Tuesday, February 24, 2015

Background about the Gibson Principles

I have sent as many members of City Council as I could afford a copy of some African Principles I drew up a few years ago to help People of African descent stop the abuse and violence against each other and start to treat each other with respect and dignity throughout the world. The African Principles or Gibson Principles for Africa were drawn up with The Reverend Leon Sullivan in mind as He Himself drew up the Sullivan Principles to deal positively with the racist system in South Africa.  The Gibson Principles are designed to press Human Rights and dignity in ALL trade agreements with African Countries and help African Americans here in the States think twice before we act violently against any one of us or ourselves.
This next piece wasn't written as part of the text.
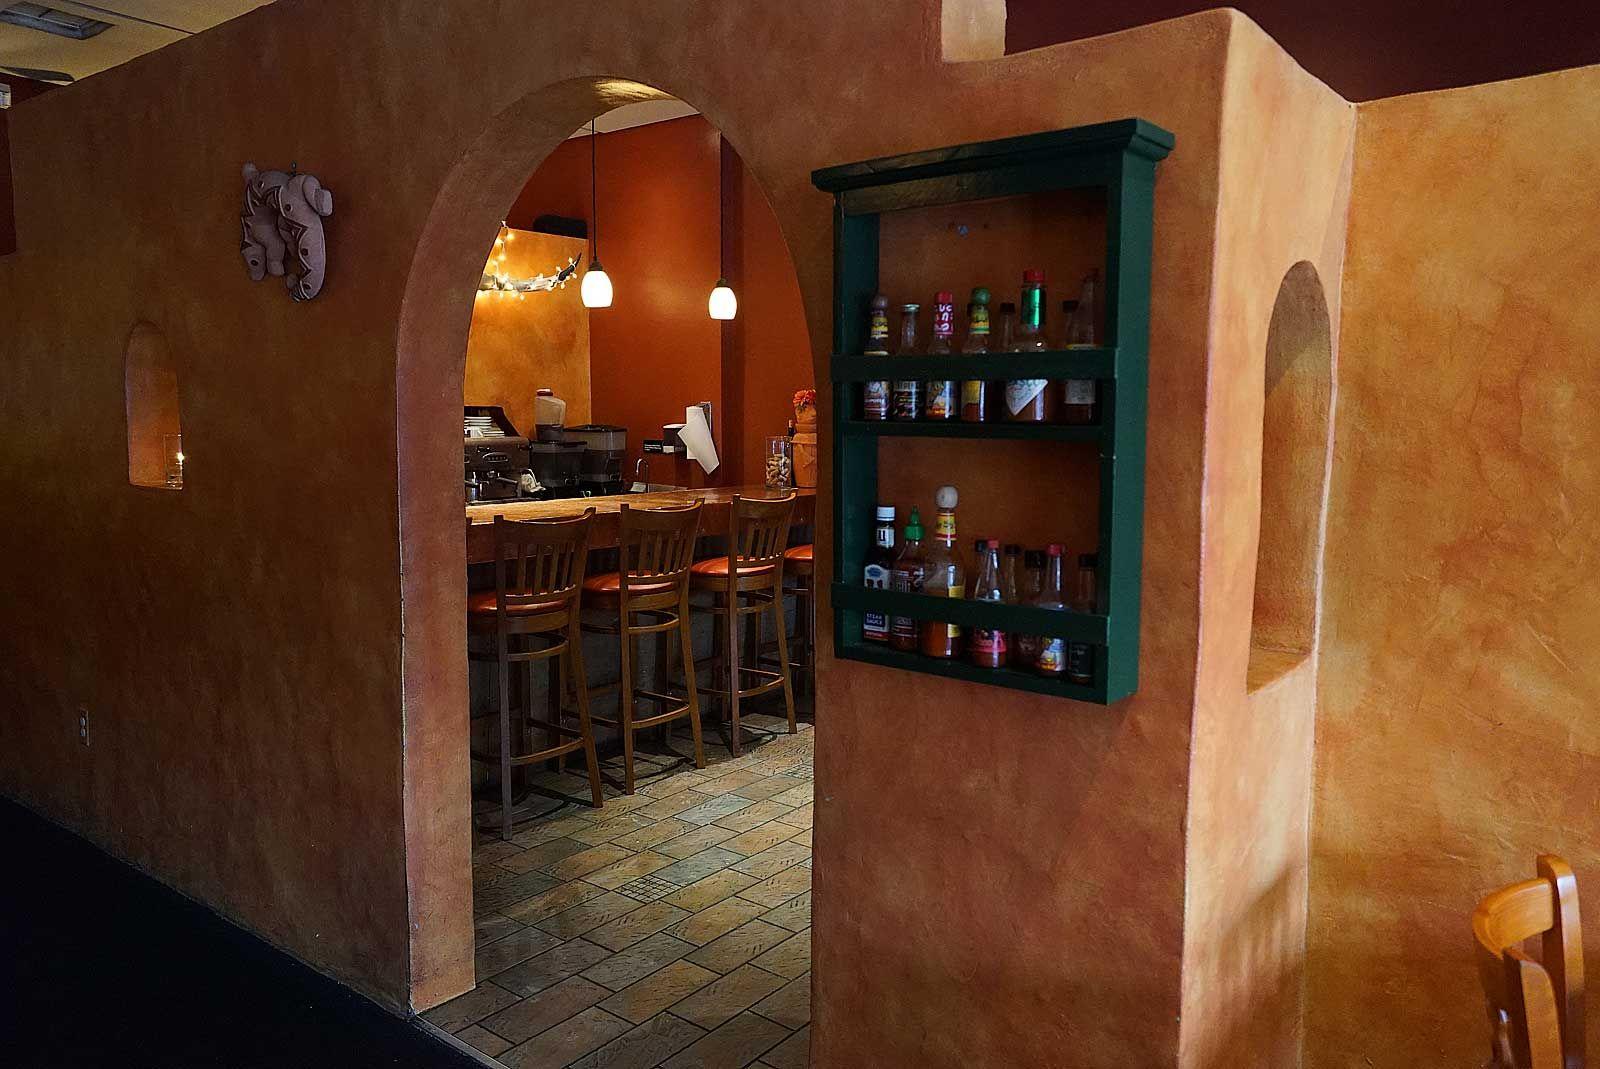 Mojave Grille Grilles, Liquor Home decor

I hope you can use them as a back drop for any and all new economic agreements that take place with the communist island nation of Cuba.  Having traveled to Cuba myself, I find it way beyond ridiculous that we have first Nation status with the also communists nation of China and fairly good, but sometimes strained relations --but fairly good economic relations--with Russia. Yet Cuba is left as a world step child.  The Cuban People are a world source of knowledge, health, spirit, education, multiple languages, and advance healthcare, even as they have struggled economically due to the stress and strain caused them by the United States Led Cuban embargo. Many People  are confused about the Cuban Embargo and think it is the Cubans who are willingly boycotting our products. This mistaken idea needs to be cleared up. But Cuba was by no means the only country I was thinking about when I drew up the Gibson Principles. I was also thinking of emerging African Nations such as Namibia which, if I'm not mistaken, has gained and advanced in recent years due to their strong relationships with technological communities in Germany--their former colonizers.   The City of Philadelphia should and can take a lead in opening new markets among African Nations and must not sit back and let other Big Cities take over these prospects.  Moreover, Philadelphia has been first in many things over our history. I think the treatment of Black People in our city, especially Black students and Black Poor and Black homeless People has been shabby and shameful. We can do a lot better. We can have an education city and we can have the first non-racist city in the entire country, if our leaders have the vision.